Renal impairment: No dose adjustment is required in patients with mild (creatinine clearance [CrCL] ≥60 to <90 mL/min) or moderate (CrCL ≥30 to <60 mL/min) renal impairment. No dose recommendation has been established in patients with severe renal impairment (CrCL ≥15 to <30 mL/min) (see Pharmacology: Pharmacokinetics under Actions).
Hepatic impairment: No dose adjustment is required in patients with mild hepatic impairment (total bilirubin [TB] ≤ upper limit of normal [ULN] and aspartate aminotransferase [AST] >ULN, or TB >1 to 1.5x ULN and any AST). No dose recommendation has been established in patients with moderate (TB >1.5 to 3x ULN and any AST) or severe (TB >3 to 10x ULN and any AST) hepatic impairment (see Pharmacology: Pharmacokinetics under Actions).
Pediatric population: There is no relevant use of zolbetuximab in the paediatric population in the treatment of gastric or gastro-oesophageal junction adenocarcinoma.
Method of administration: Zolbetuximab is for intravenous use. The recommended dose is administered by intravenous infusion over a minimum of 2 hours. The medicinal product must not be administered as an intravenous push or bolus injection.

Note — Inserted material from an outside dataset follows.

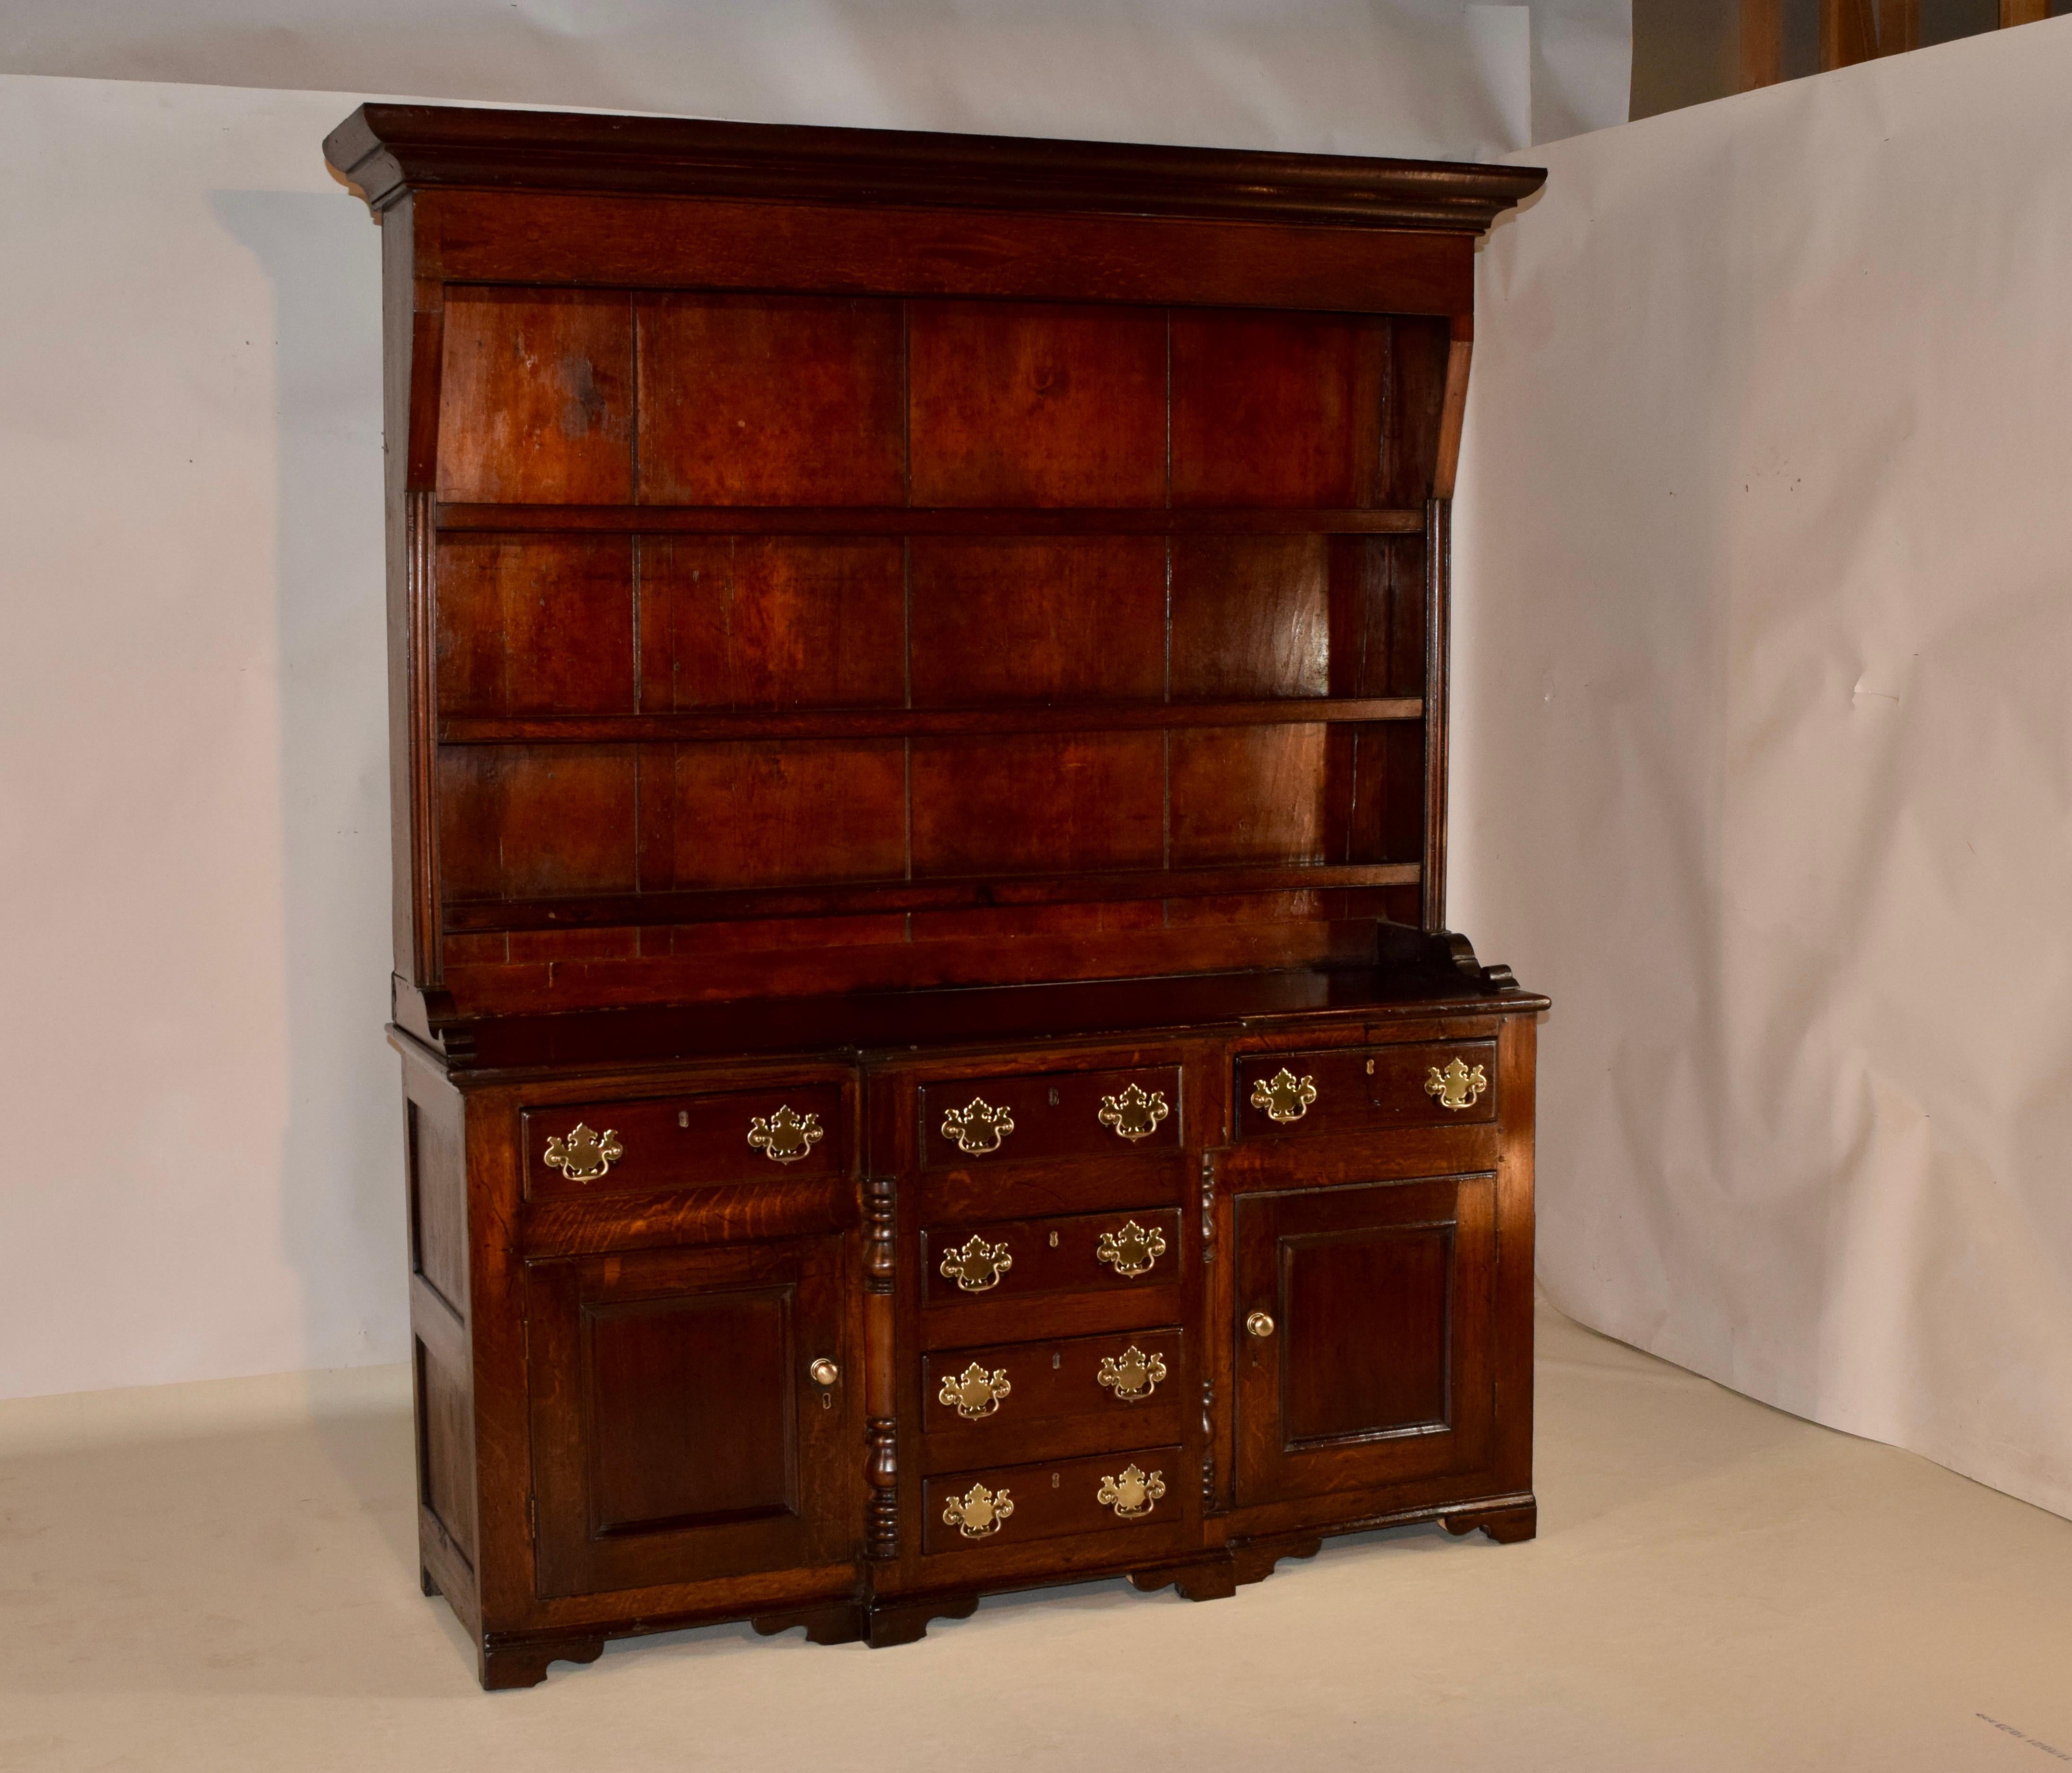 18th century Welsh oak dresser from England. The piece has lovely rich color and wonderful graining throughout. The crown sits atop gorgeous wide backboards which hold three upper shelves, over a fabulous base with two single drawer s over single

If zolbetuximab and fluoropyrimidine- and platinum-containing chemotherapy are administered on the same day, zolbetuximab must be administered first.
To help minimize potential adverse reactions, it is recommended that each infusion should be started at a slower rate for 30-60 minutes, and gradually increased as tolerated during the course of the infusion (see Table 4).
If the infusion time exceeds the recommended storage time at room temperature (≤ 25°C for 6 hours from end of preparation of infusion solution), the infusion bag must be discarded and a new infusion bag prepared to continue the infusion (see Shelf life under Storage for recommended storage times). (See Table 4.)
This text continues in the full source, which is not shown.